Bill Plaschke, LA Times: Bryant, the Finals MVP, becomes possibly the most unburdened player in NBA history as he finally wins a title without former teammate and nemesis Shaquille O’Neal, who had earlier won one without Bryant. “I just don’t have to hear that criticism, that idiotic criticism, anymore,” said Bryant, who ended a week of growling intensity by literally gnawing at his fingernails in anticipation of Sunday’s final horn. Sitting with a Moet-soaked T-shirt in the interview room underneath Amway Arena, Bryant shook his head, grinning and chuckling, the taut and tough leader finally admitting that the Shaq rap ripped him. “It was like Chinese water torture . . . it was just annoying . . . I would cringe every time,” he said. “I was just like, it’s a challenge I’m just going to have to accept because there’s no way I’m going to argue it.”

George Diaz, Orlando Sentinel: A flurry of turnovers, missteps and mistakes. The Magic bumbled their way through the evening, turning the Am into a roadhouse version of the Staples Center. It was an embarrassing way to say goodbye to the season. You lose, you lose. But you always play hard. Always. The Magic only did that in spurts Sunday. And that’s how you get blown out by a superior team. The Lakers deserved to be champions. They found ways to close out games in the clutch, unlike the Magic, who lost two of these matchups in overtime.

Michael Ventre, NBC Sports
: Next season the Lakers have a team returning that, theoretically, should be favored to repeat. The club has two major free agents in Lamar Odom and Trevor Ariza to try and lock up, but given the history of the Lakers and the fact that both players were vitally important to this championship run, it appears that will occur. It would not be a surprise if general manager Mitch Kupchak snagged another player through free agency or the draft, either. It’s almost impossible for any coach to turn his back on that. The allure of another championship? It’s one thing if a coach is foiled time after time by the agony of the pursuit, has a relationship with the Larry O’Brien Trophy similar to the one Captain Ahab had with Moby Dick, and just decides to pack it in. It’s quite another if someone says to the reigning virtuoso, “How would you like to play Carnegie Hall one more time?”
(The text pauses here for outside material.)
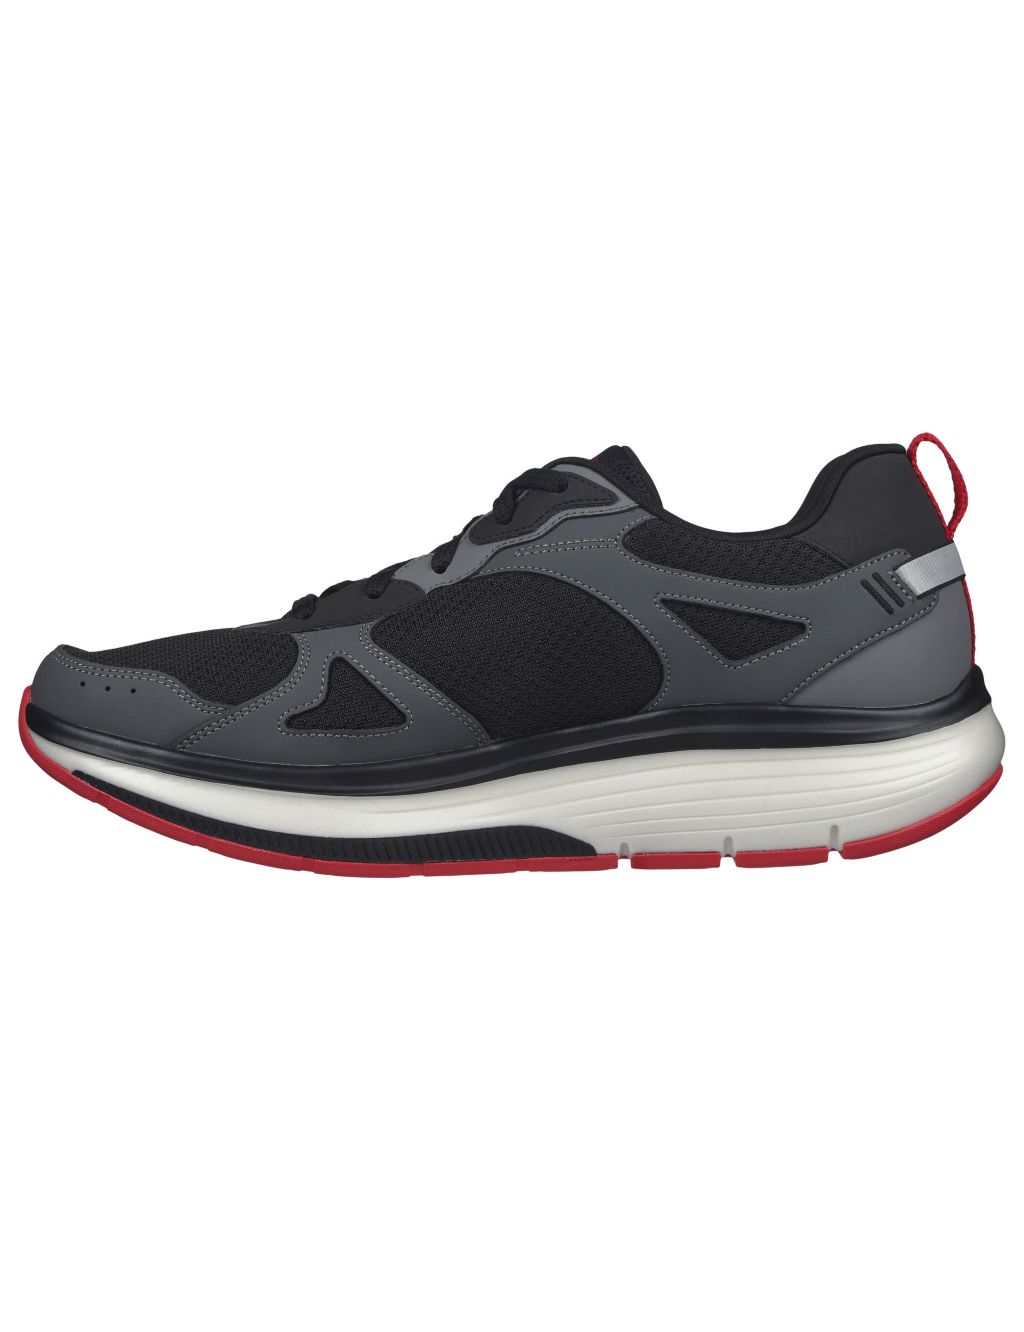 GO WALK Workout Walker Leather Trainers image 5

Chris Sheridan, ESPN: Want to know why Dwight Howard and Jameer Nelson sat there on the Magic bench, blank expressions adorning their faces, after that final buzzer? Why Superman and one of his All-Star sidekicks stuck around as the championship trophy podium was hastily assembled and the Lakers stood victorious atop it? Because that was what Howard wanted, and he wanted Nelson to witness, feel and share every raw, painful emotion that was tearing him apart inside. “He wanted me to sit out there and let it soak in so we could get that feeling — that bad feeling, actually, of how it feels, and not let it happen again,” Nelson said. “We don’t want it to happen again, so we stay out there to let it soak in, get upset a little bit. “A motivational thing, that’s it,” Nelson said.